The Discovery of the Future is a 1902 philosophical lecture by H. G. Wells that argues for the knowability of the future. It was originally delivered to the Royal Institution on January 24, 1902. Before appearing in book form, it was published by Richard Gregory in Nature on February 6, 1902, and was also published as part of the Annual Report of the Smithsonian Institution. Available online.

==Synopsis==
Wells begins by distinguishing between "two divergent types of mind," one that judges and attaches importance principally to what has happened in the past and one that judges and attaches importance principally to what will happen in the future. To the former he attributes the adjectives "legal or submissive," "passive," and "oriental," and to the latter the adjectives "legislative, creative, organizing, or masterful," and "active," calling it "a more modern and much less abundant type of mind."

Observing that these two minds reach "divergent and incompatible consequences" in the spheres of morality and public affairs, Wells analyzes the reasons for which the past-oriented mind predominates and asserts that this is principally due to the evidently greater knowability of the personal past as compared to the future. But he argues that the inference from this attitude that the future is essentially unknowable does not square with "modern science, that is to say the relentless systematic criticism of phenomena." Not only has science made us knowledgeable about a distant, impersonal past, it also regards the ability successfully to predict to be a criterion of validity.
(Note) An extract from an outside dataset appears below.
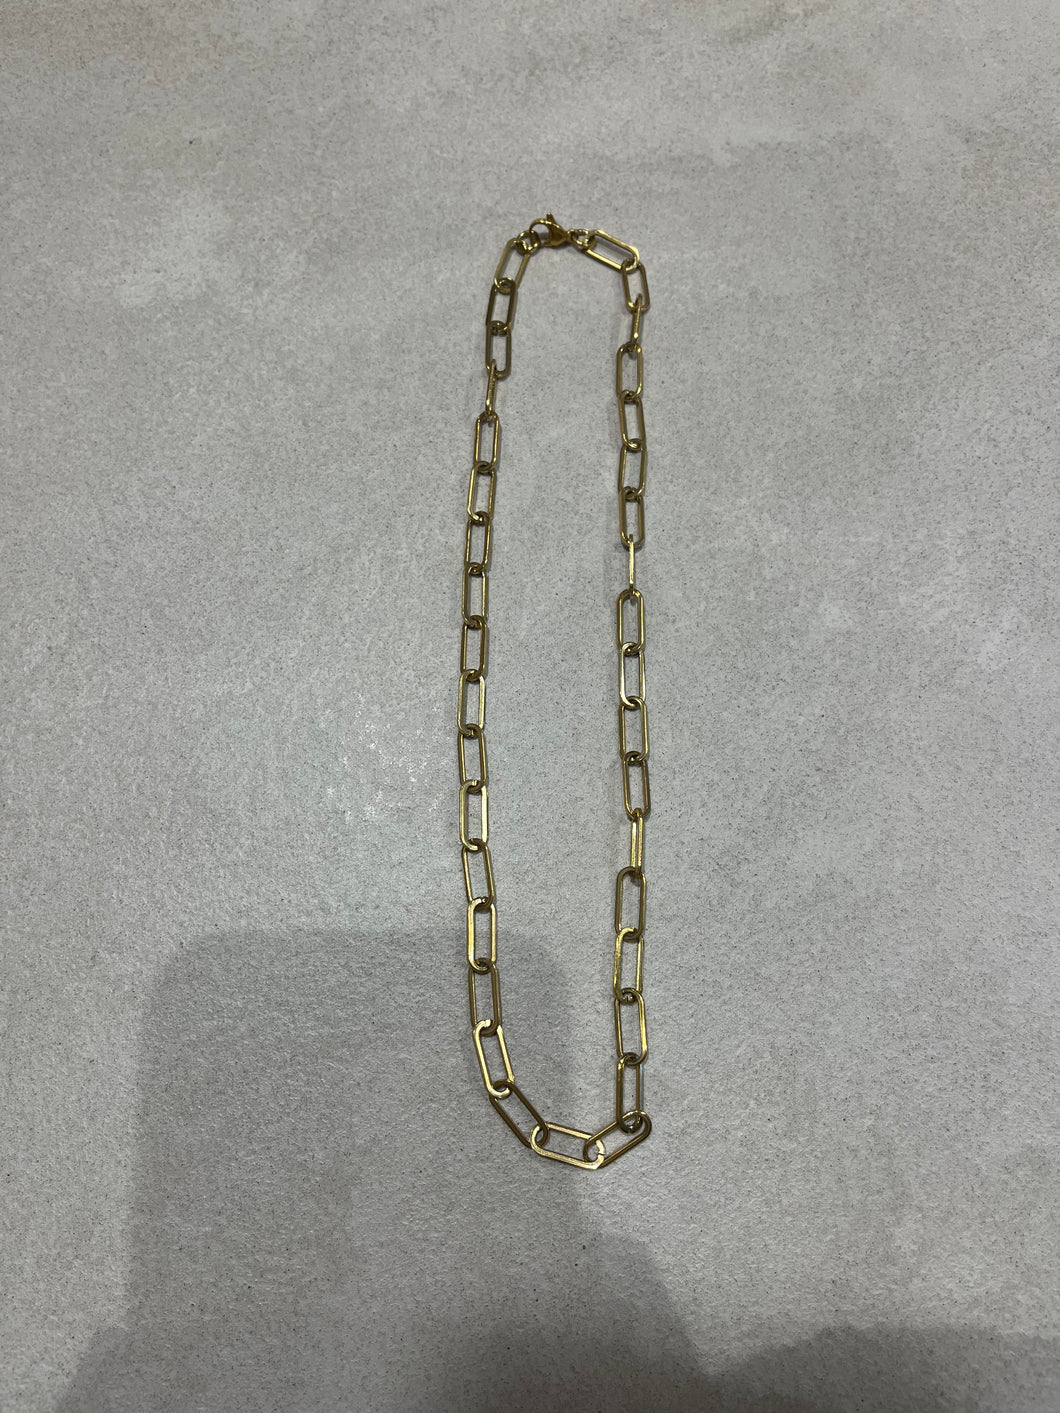 03 Gold Buoy mermaid necklace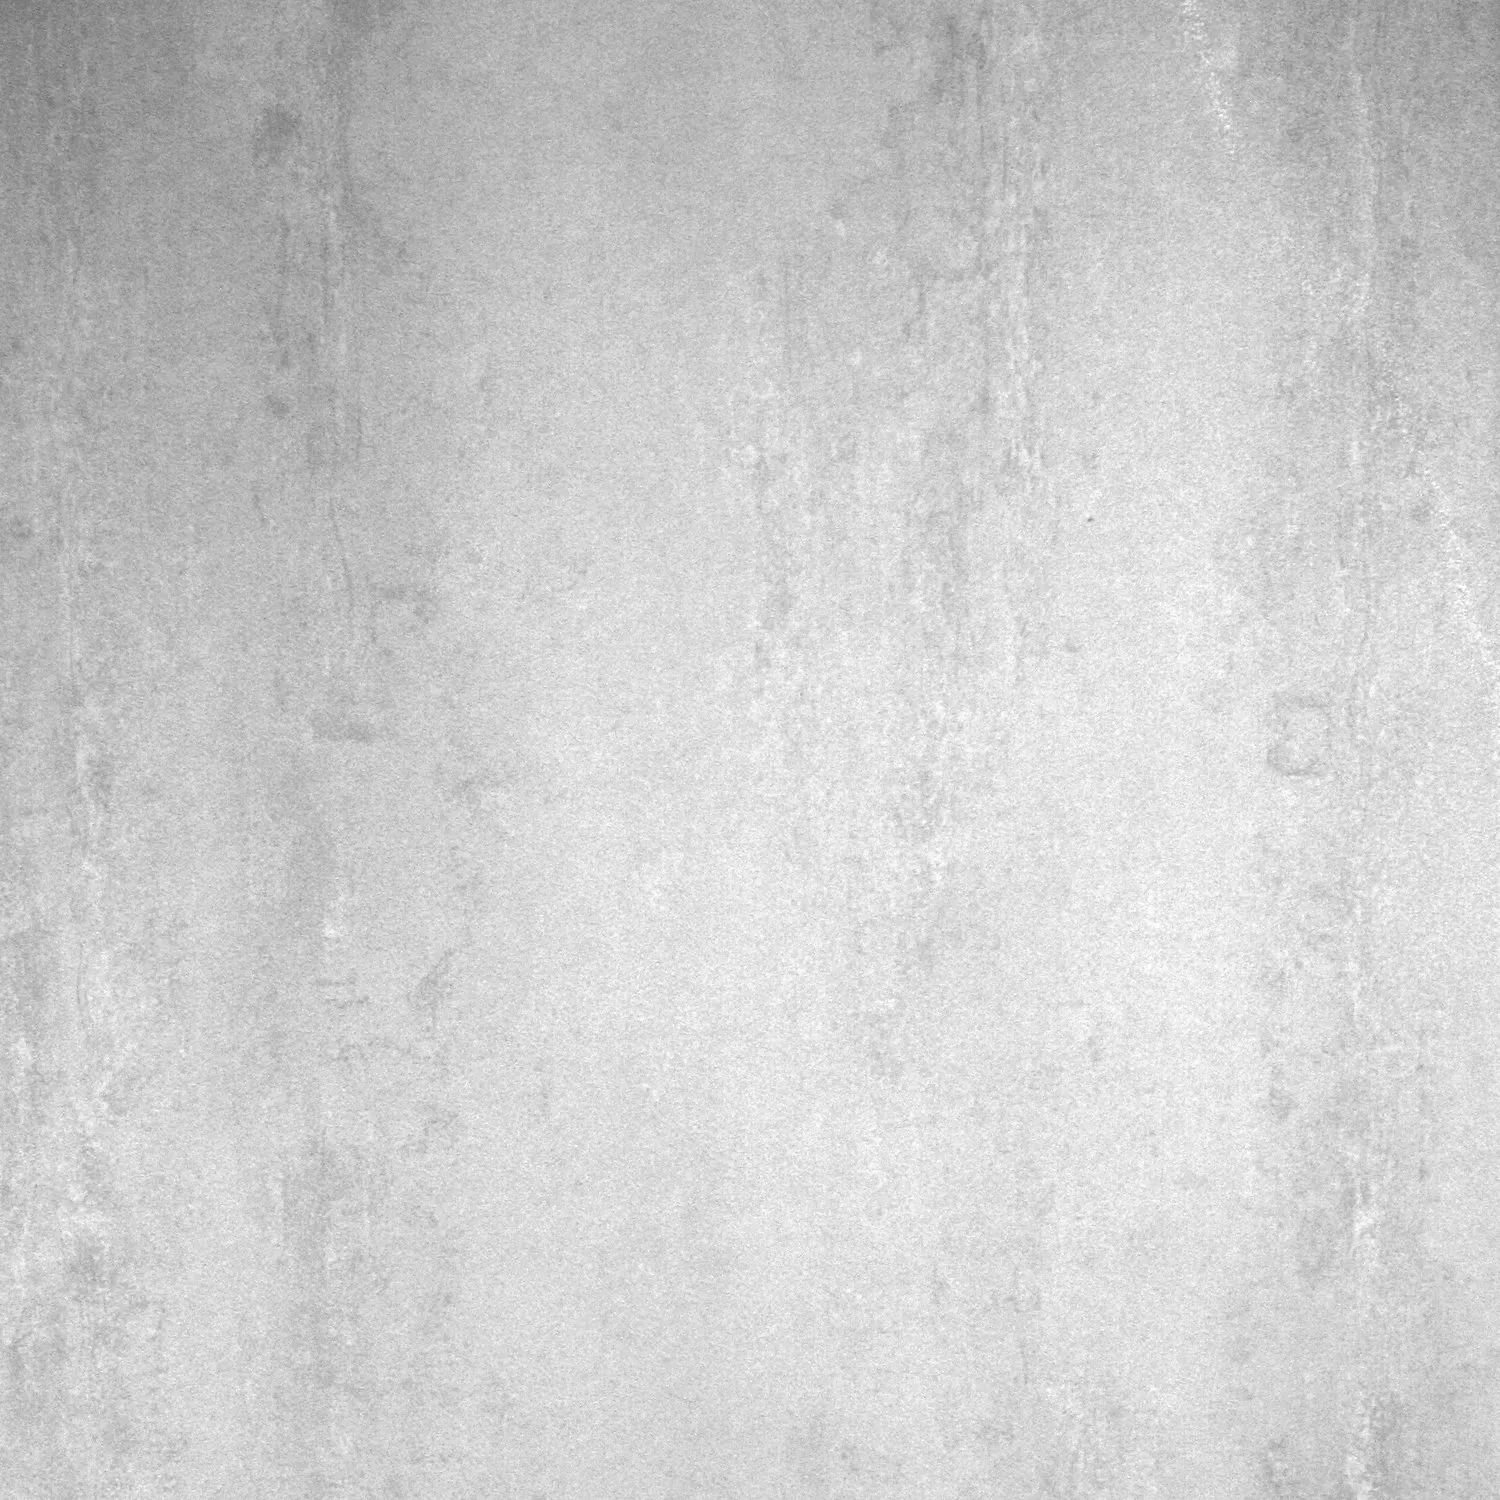 Vzorek Podlahové Dlaždice Madeira Bílá Naleštěná 60x60cm

Though the unpredictability of human behavior complicates the problem, the fact that "as individuals increase in number they begin to average out" means that "an inductive knowledge of a great number of things in the future is becoming a human possibility." Confessing himself to be among "those who believe entirely in the forces behind the individual" rather than in individuals themselves as determining causes, Wells argues that there is "no reason why we should not aspire to, and discover and use, safe and servicable, generalizations upon countless issues in the human destiny." But personal prophecy and fortune-telling will never be possible; "the knowledge of the future we may hope to gain will be general and not individual."

Wells devotes the last part of his text to speculations about "the question what is to come after man," considering it "the most persistently fascinating and the most insoluble question in the whole world." He concludes with a statement of personal faith "in the coherency and purpose in the world and in the greatness of human destiny."

==Background==
Wells's lecture followed on the heels of the great success of his recent book, Anticipations (1901), based on a series of articles commissioned in 1900 by W.L. Courtney for the Fortnightly Review, but the original invitation to lecture to the Royal Institution had come in 1899.

According to Graham Wallas, Wells's delivery of his lecture was too rapid, but it was well received and contributed to the rapid integration of the 35-year-old Wells into the literary and intellectual elite of London in 1902.